DATA EXCERPTS:
▽
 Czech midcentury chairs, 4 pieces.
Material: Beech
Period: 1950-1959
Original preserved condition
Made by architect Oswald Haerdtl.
△
▽
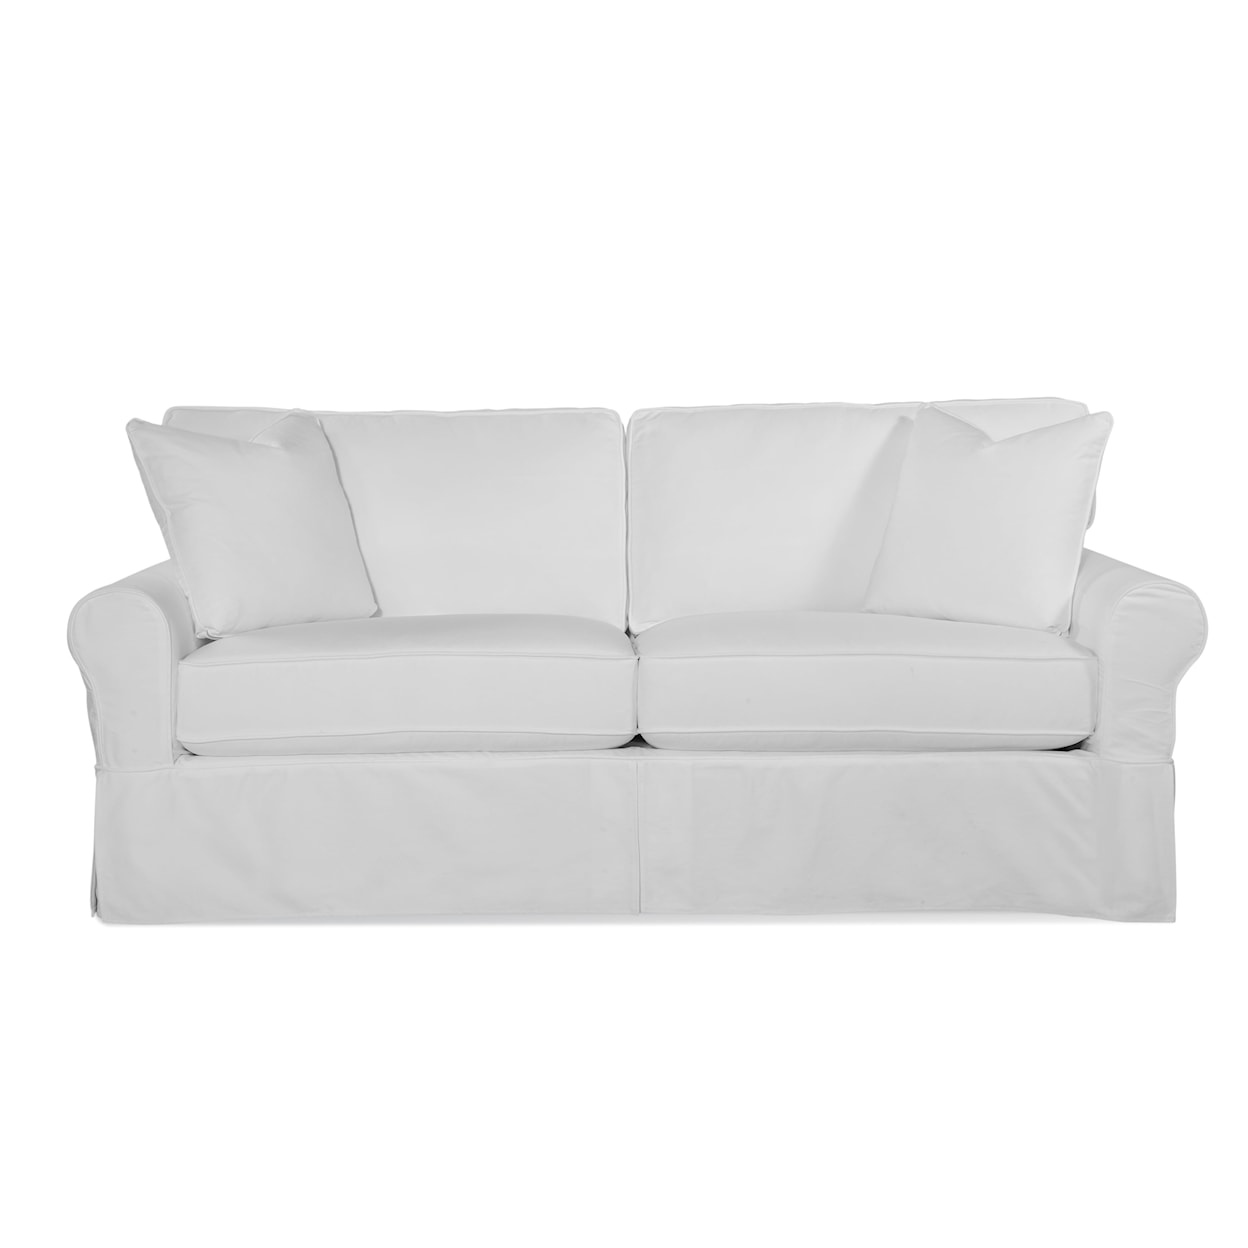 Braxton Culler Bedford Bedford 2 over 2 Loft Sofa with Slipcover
△
▽
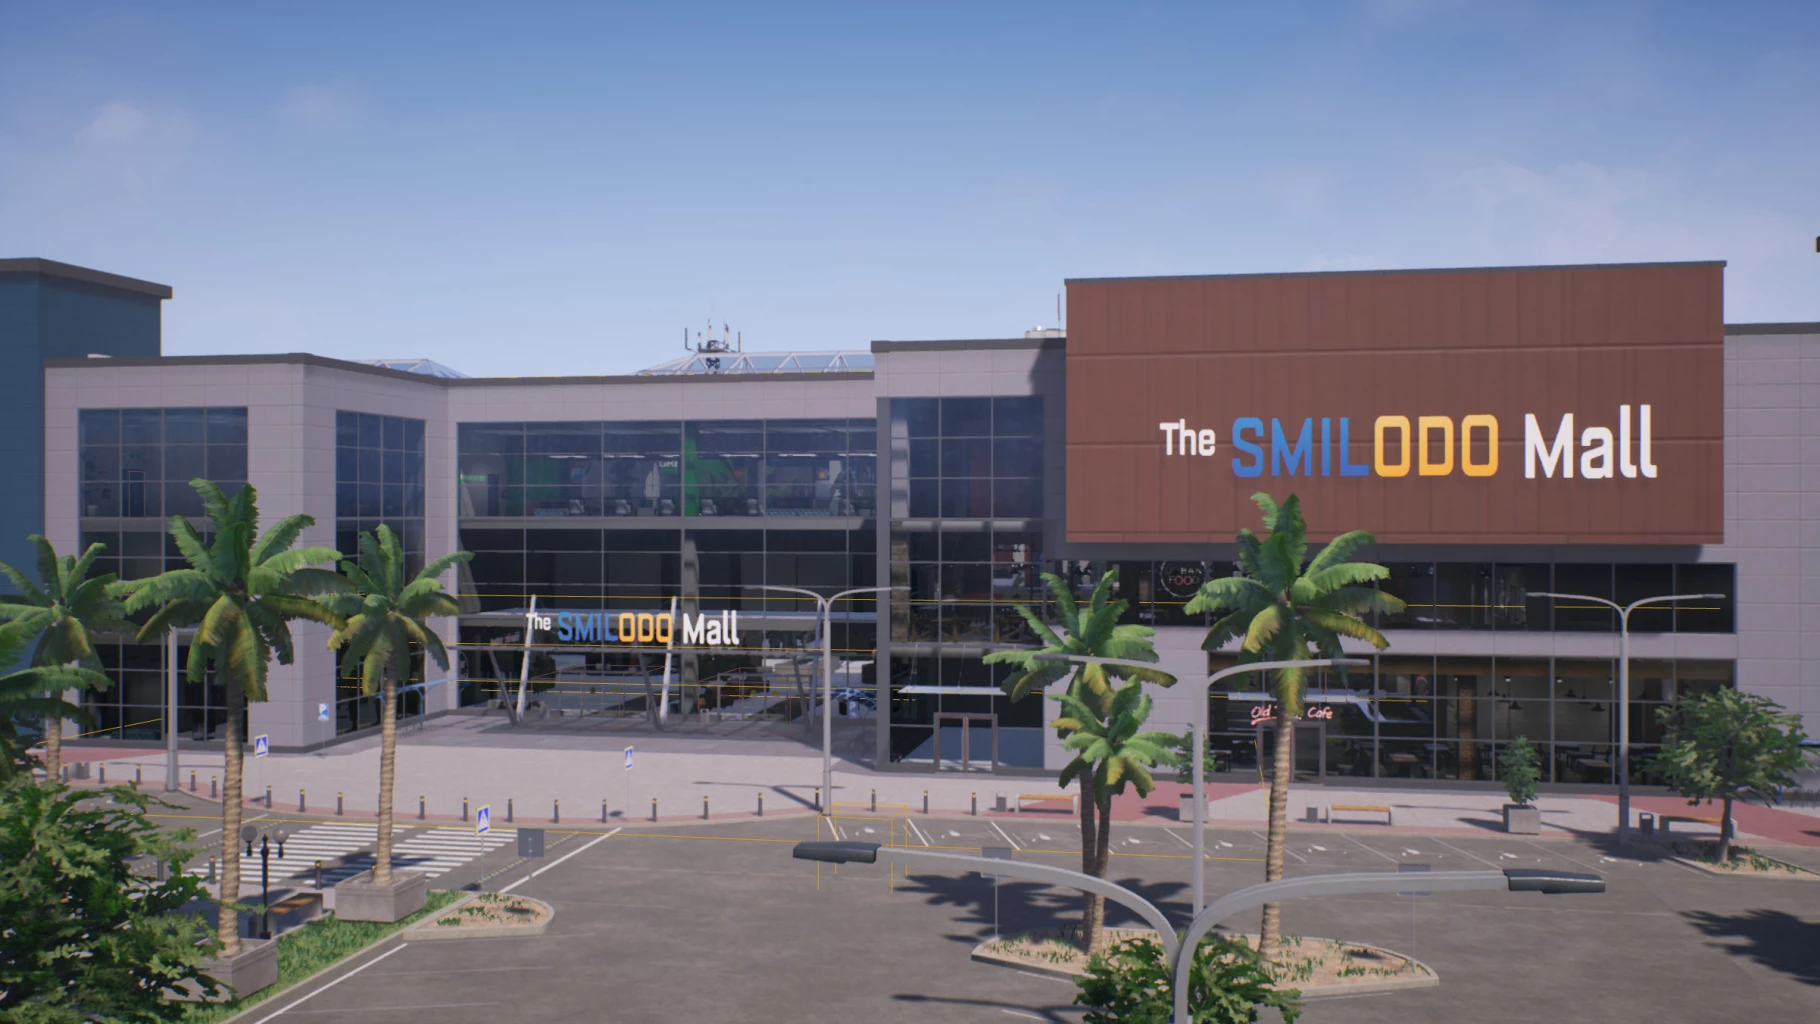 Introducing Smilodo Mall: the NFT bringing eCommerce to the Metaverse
△
WHAT TO PRODUCE: The reply should consist solely of the lines above from the one that has "Material: Beech" through the one that has "Made by architect Oswald Haerdtl.", reproduced exactly.

YOUR SOLUTION:
Material: Beech
Period: 1950-1959
Original preserved condition
Made by architect Oswald Haerdtl.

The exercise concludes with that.